On 12 May 2020 the Philippines Securities and Exchange Commission (SEC) directed Crowd1 Asia Pacific to stop its "fraudulent" investing-taking activities immediately. On 1 June 2020 the Gabon Ministry of the Economy and Finance warned against the activities of Crowd1, stating that "these services are akin to pyramid scam systems in network marketing in which the profit does not come from the sales activity but from the recruitment of new members. Thus, only the designers of the said systems derived the benefits to the detriment of members." On 5 June 2020 the New Zealand Financial Markets Authority added Crowd1 and Impact Crowd Technology to its warning list due to concerns they may be involved in or operating a scam.

In June 2020 Vietnam’s Competition and Consumer Protection Department issued a warning against the activities of Crowd1, stating that "these operations were likely to be pyramid schemes and were prohibited according to the established regulations".

In July 2020 the government of Ivory Coast banned Crowd1 from operation in Ivory Coast, determining its sales system to be a Ponzi scheme. On 3 December 2020 Národná banka Slovenska, the central bank of the Slovak Republic, issued a securities fraud warning on the activities of Crowd1 Network Ltd and Impact Crowd Technology S.L.

In November 2020 the BBC investigative strand Africa Eye broadcast Unmasking the Pyramid Kings, reporting the results of a six-month investigation into Crowd1. It found that the company recruited financially vulnerable members across Africa, Asia and Latin America on the promise of income from selling digital products, charging around €99 for entry-level membership, and that its principal "educational package" was effectively worthless, its content taken almost verbatim from a book available free from the author's website.
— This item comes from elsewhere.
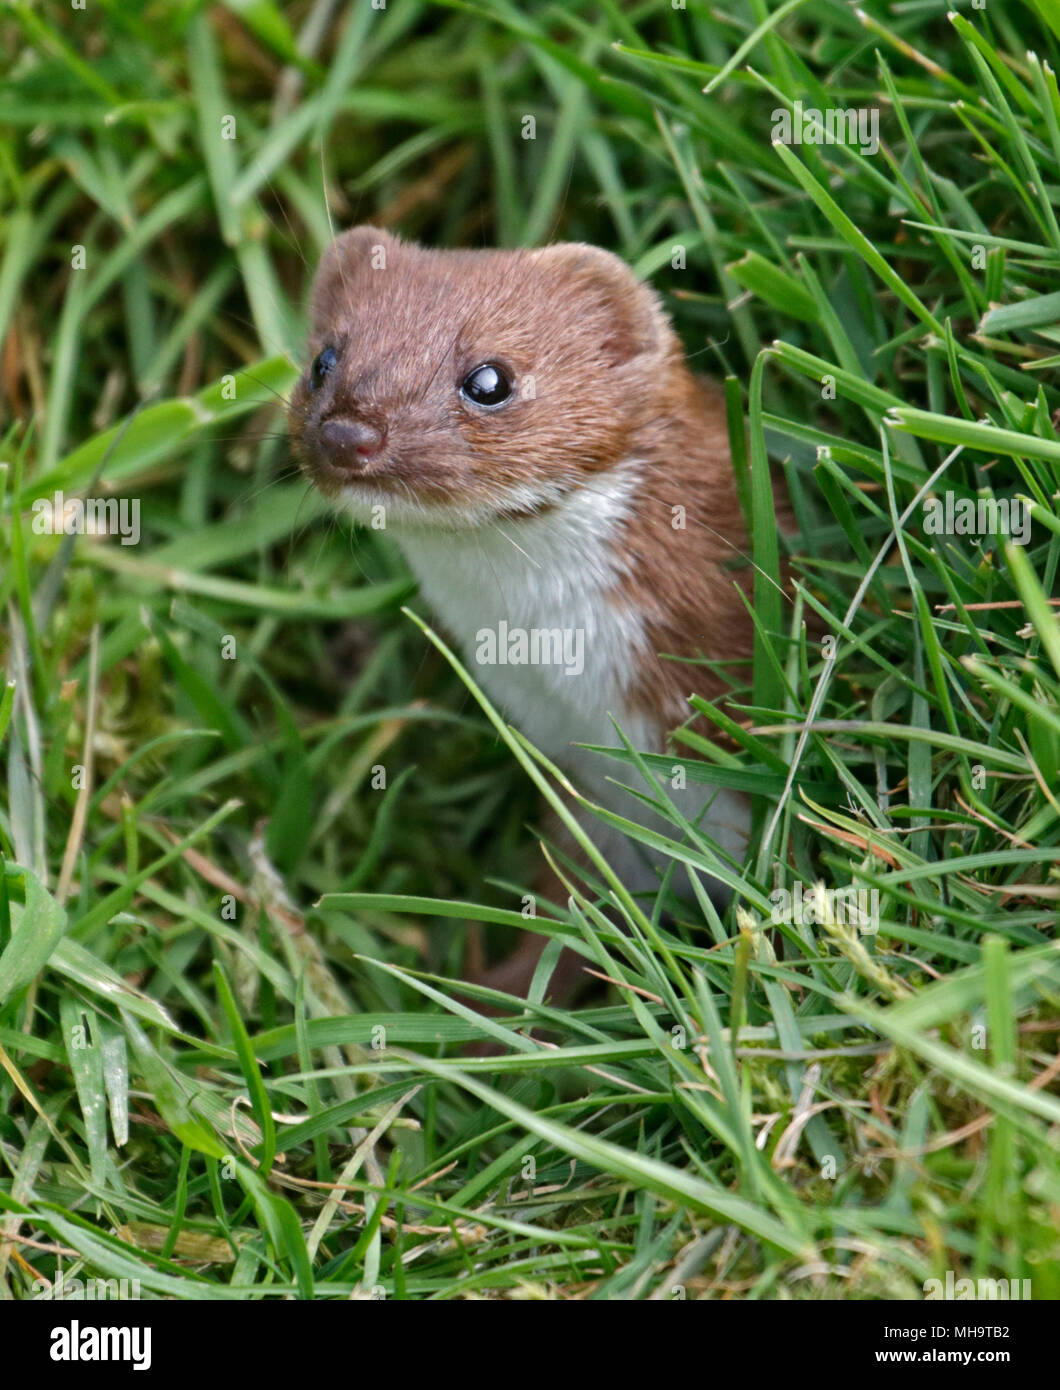 European Weasel/Least Weasel (mustela nivalis) Stock Photo

The programme concluded that Crowd1 operated as a recruitment-based pyramid scheme run from Europe by a group of mainly Swedish operators, and that it had left members in debt in countries including South Africa, Kenya and Nigeria.
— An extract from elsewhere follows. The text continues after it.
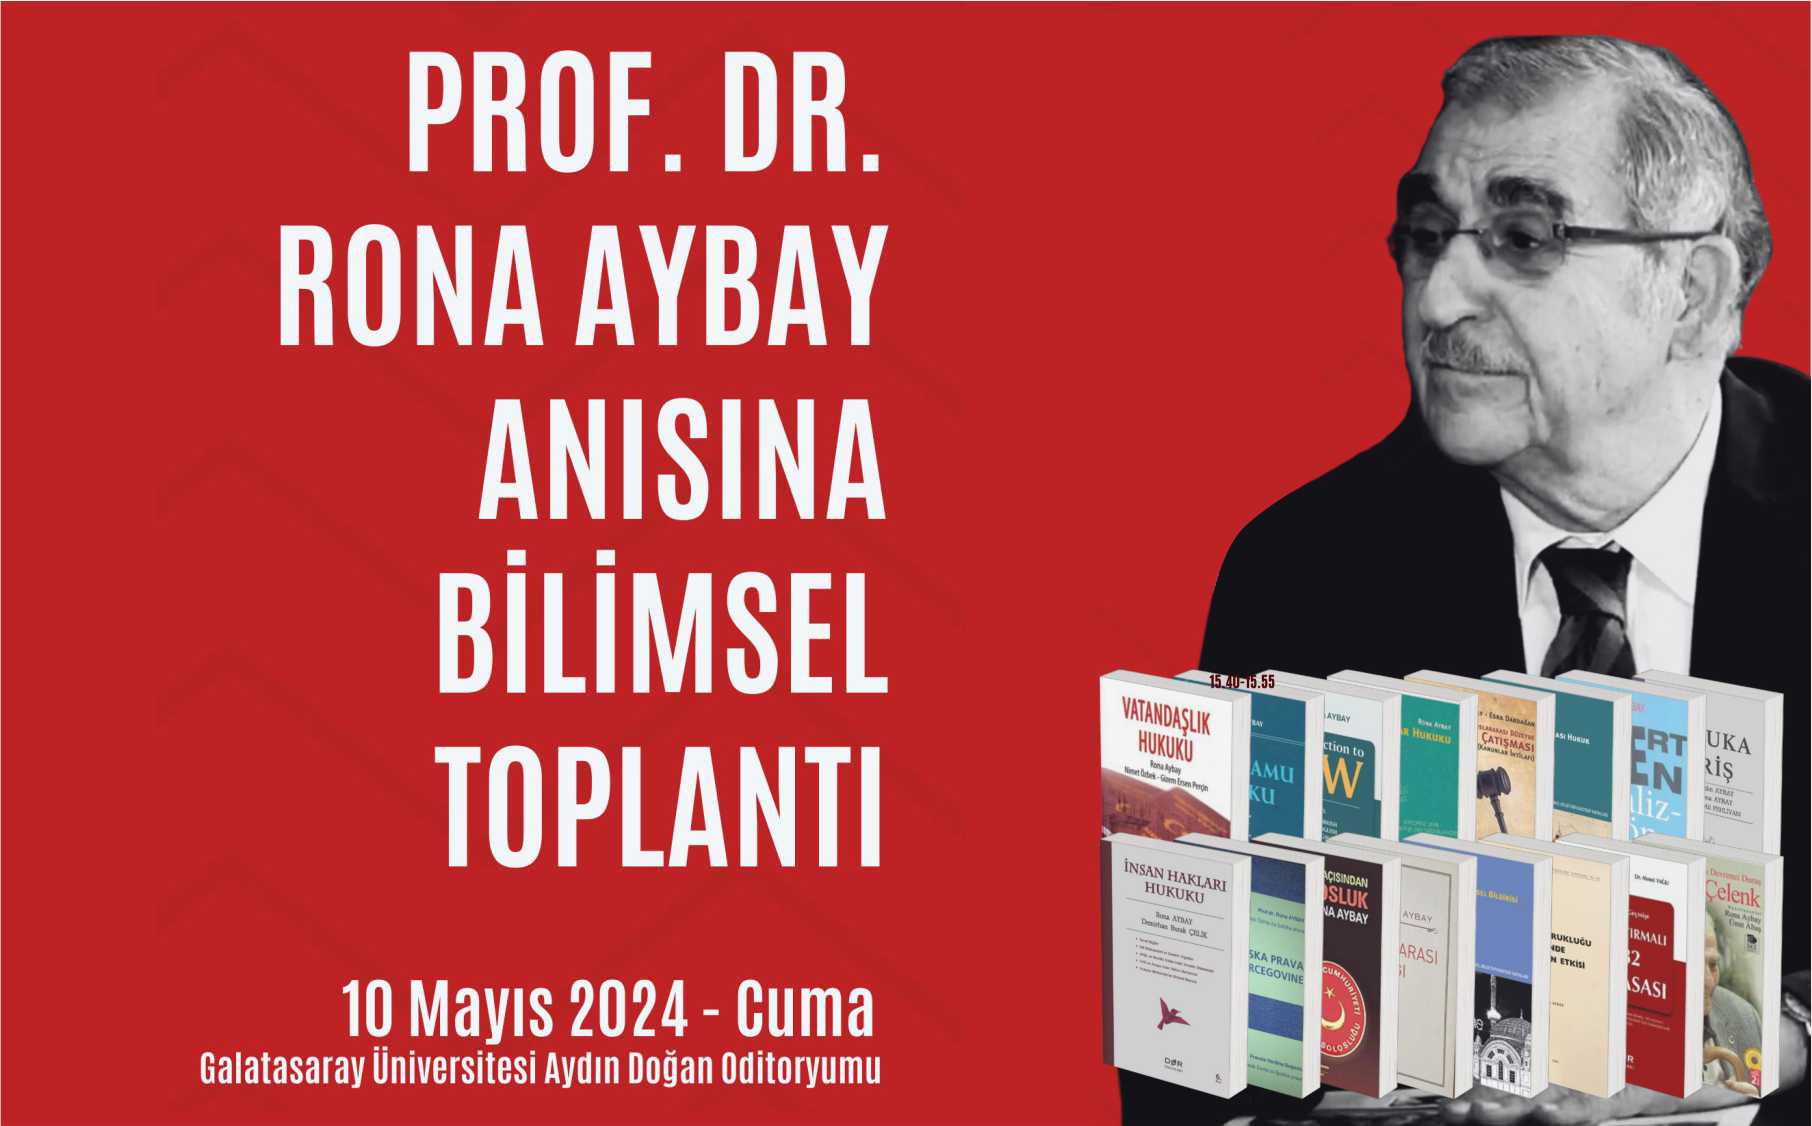 Prof. Dr. Ronay Aybay Anısına Bilimsel Toplantı: 1924 Anayasası'nın 100. Yılında Türkiye'de Vatandaşlık ve İnsan Hakları duyuru görseli

Staël von Holstein, who had described himself in Crowd1 promotional material as "the CEO of this operation", has claimed not to be the CEO of Crowd1 but of the parent company Impact Crowd Technology, as well as of Tecnología de Impacto Multiple SL which was "the sole provider of Crowd1 products". He announced in December 2020 that he was leaving his CEO position, and ending all connections with Crowd1, for health reasons. Twelve countries had issued securities fraud warnings about Crowd1 but they did not include Sweden or Spain.

==Personal life==

He is married and has two children, and lives in Spain, having previously lived in Holland, Thailand, Singapore, and Switzerland.